**Problem**.
Of all the entries below, only the lines from the one with "PARIS INFINITY ROUND" up to and including the one with "Venus Williams Natural" are to be duplicated exactly.

[Stored data]
+ + + + + + +

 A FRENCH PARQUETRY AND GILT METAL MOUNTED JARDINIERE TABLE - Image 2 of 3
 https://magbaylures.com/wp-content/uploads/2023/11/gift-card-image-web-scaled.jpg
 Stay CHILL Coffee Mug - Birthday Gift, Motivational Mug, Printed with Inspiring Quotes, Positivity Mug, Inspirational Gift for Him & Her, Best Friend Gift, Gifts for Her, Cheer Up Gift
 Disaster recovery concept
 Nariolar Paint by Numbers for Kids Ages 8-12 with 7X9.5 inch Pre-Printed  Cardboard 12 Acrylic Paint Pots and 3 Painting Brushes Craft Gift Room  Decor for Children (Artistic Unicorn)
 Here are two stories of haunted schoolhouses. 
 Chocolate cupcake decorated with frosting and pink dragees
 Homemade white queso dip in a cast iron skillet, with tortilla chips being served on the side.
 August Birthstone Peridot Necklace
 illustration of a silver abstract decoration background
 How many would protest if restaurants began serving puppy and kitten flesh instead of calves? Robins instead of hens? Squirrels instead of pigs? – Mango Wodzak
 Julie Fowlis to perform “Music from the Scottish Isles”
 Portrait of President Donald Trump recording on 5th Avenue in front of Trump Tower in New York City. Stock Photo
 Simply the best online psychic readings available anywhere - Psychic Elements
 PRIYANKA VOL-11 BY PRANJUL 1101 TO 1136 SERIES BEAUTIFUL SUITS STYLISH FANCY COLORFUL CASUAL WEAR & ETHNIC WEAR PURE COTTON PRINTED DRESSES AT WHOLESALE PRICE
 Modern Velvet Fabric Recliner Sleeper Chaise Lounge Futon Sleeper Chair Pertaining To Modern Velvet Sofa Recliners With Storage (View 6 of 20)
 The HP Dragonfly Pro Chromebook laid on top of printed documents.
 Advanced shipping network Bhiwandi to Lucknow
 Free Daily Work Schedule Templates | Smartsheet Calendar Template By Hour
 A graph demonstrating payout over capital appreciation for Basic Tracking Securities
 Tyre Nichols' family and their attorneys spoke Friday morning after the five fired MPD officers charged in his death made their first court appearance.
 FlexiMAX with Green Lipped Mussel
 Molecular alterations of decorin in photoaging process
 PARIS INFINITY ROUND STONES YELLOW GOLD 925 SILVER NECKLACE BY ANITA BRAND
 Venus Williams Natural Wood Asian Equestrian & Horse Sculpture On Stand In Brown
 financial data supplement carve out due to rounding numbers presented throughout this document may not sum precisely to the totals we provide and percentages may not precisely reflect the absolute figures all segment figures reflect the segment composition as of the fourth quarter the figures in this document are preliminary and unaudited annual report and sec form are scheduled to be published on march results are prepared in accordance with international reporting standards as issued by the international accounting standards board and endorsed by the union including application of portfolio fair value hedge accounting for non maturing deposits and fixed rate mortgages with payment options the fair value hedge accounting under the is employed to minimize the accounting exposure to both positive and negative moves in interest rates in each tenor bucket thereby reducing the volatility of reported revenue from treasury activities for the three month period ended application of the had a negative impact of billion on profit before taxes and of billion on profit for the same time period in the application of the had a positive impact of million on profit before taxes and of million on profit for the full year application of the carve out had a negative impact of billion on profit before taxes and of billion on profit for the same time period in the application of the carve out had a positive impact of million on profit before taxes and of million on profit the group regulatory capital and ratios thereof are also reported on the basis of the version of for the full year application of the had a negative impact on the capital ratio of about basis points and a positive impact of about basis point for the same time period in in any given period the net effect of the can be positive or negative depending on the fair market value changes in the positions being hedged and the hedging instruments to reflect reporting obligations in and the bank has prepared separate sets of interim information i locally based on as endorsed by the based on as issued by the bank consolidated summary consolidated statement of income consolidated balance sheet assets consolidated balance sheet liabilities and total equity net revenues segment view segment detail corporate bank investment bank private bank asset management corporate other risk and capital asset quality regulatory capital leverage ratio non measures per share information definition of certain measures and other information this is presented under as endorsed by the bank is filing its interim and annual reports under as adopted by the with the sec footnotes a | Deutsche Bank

+ + + + + + +

**Result below**.
 PARIS INFINITY ROUND STONES YELLOW GOLD 925 SILVER NECKLACE BY ANITA BRAND
 Venus Williams Natural Wood Asian Equestrian & Horse Sculpture On Stand In Brown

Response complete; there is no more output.